The detailed failure information helps you quickly identify and fix data issues without digging through logs.

Great Expectations Integration

Great Expectations provides a comprehensive data quality framework with declarative expectations. You define what valid data looks like, and the framework validates it automatically.

The following example shows how to run Great Expectations checkpoints from an Airflow task. You'll define expectations in JSON and the framework handles validation, reporting, and alerting.

# dags/tasks/validate_with_ge.py
import great_expectations as gx

def validate_orders_data(date: str) -> bool:
    context = gx.get_context()

    # Load data
    batch_request = {
        'datasource_name': 's3_datasource',
        'data_asset_name': 'orders',
        'batch_identifiers': {'date': date},
    }

    # Run validation
    checkpoint_result = context.run_checkpoint(
        checkpoint_name='orders_checkpoint',
        batch_request=batch_request,
    )

    if not checkpoint_result.success:
        # Get failure details
        for result in checkpoint_result.run_results.values():
            for validation_result in result['validation_result']['results']:
                if not validation_result['success']:
                    print(f"Failed: {validation_result['expectation_config']}")

        raise ValueError(f"Data quality validation failed for {date}")

    return True

# great_expectations/expectations/orders_suite.json
{
    "expectation_suite_name": "orders_suite",
    "expectations": [
        {
            "expectation_type": "expect_column_to_exist",
            "kwargs": {"column": "order_id"}
        },
        {
            "expectation_type": "expect_column_values_to_not_be_null",
            "kwargs": {"column": "order_id"}
        },
        {
            "expectation_type": "expect_column_values_to_be_unique",
            "kwargs": {"column": "order_id"}
        },
        {
            "expectation_type": "expect_column_values_to_be_between",
            "kwargs": {
                "column": "total",
                "min_value": 0,
                "max_value": 1000000
            }
        }
    ]
}

Great Expectations generates documentation and alerts automatically. The expectation suite becomes living documentation of your data contracts.

Error Handling

Retry and Dead Letter

Network issues and transient failures are inevitable. Use retry logic with exponential backoff, and send persistent failures to a dead letter queue for investigation.

The following implementation uses the tenacity library for automatic retries with exponential backoff. You'll catch transient failures automatically while sending persistent failures to a dead letter queue for manual review.

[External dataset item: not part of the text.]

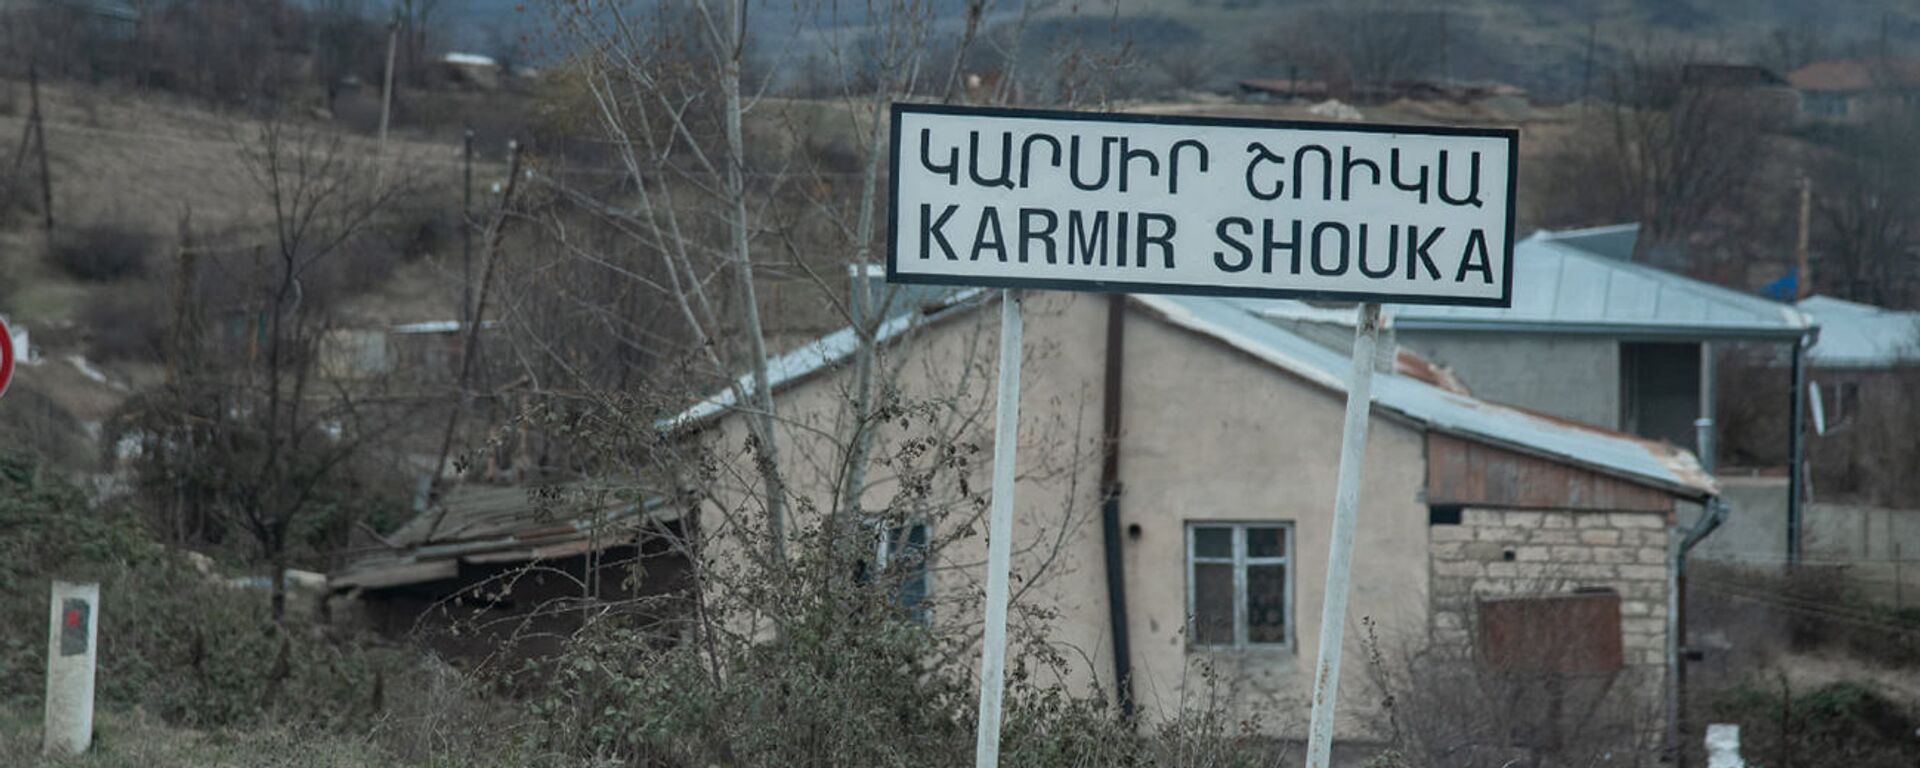 Село Кармир Шука в Карабахе - Sputnik Արմենիա, 1920, 04.12.2021

# dags/tasks/robust_extract.py
from tenacity import retry, stop_after_attempt, wait_exponential
import boto3

@retry(
    stop=stop_after_attempt(3),
    wait=wait_exponential(multiplier=1, min=4, max=60),
)
def extract_with_retry(source_config: dict) -> str:
    """Extract data with automatic retry."""
    try:
        data = fetch_data(source_config)
        return upload_to_s3(data)
    except Exception as e:
        log_error(e, source_config)
        raise

def extract_orders_task(**context):
    """Main extraction task with dead letter handling."""
    try:
        result = extract_with_retry(context['params']['config'])
        return result
    except Exception as e:
        # Send to dead letter queue for manual review
        send_to_dlq({
            'task': 'extract_orders',
            'execution_date': context['ds'],
            'error': str(e),
            'config': context['params']['config'],
        })
        raise

The exponential backoff prevents overwhelming downstream systems during recovery. Dead letter queues preserve failed operations for later analysis.

Idempotency

Pipelines fail and get restarted. Every stage must be safe to rerun without creating duplicate or corrupt data.

The following load function uses a delete-then-insert pattern to ensure idempotency. You can safely rerun this function without worrying about duplicate data.

# Ensure pipeline can be safely re-run
def load_orders_idempotent(date: str, data_path: str):
    """Idempotent load - safe to retry."""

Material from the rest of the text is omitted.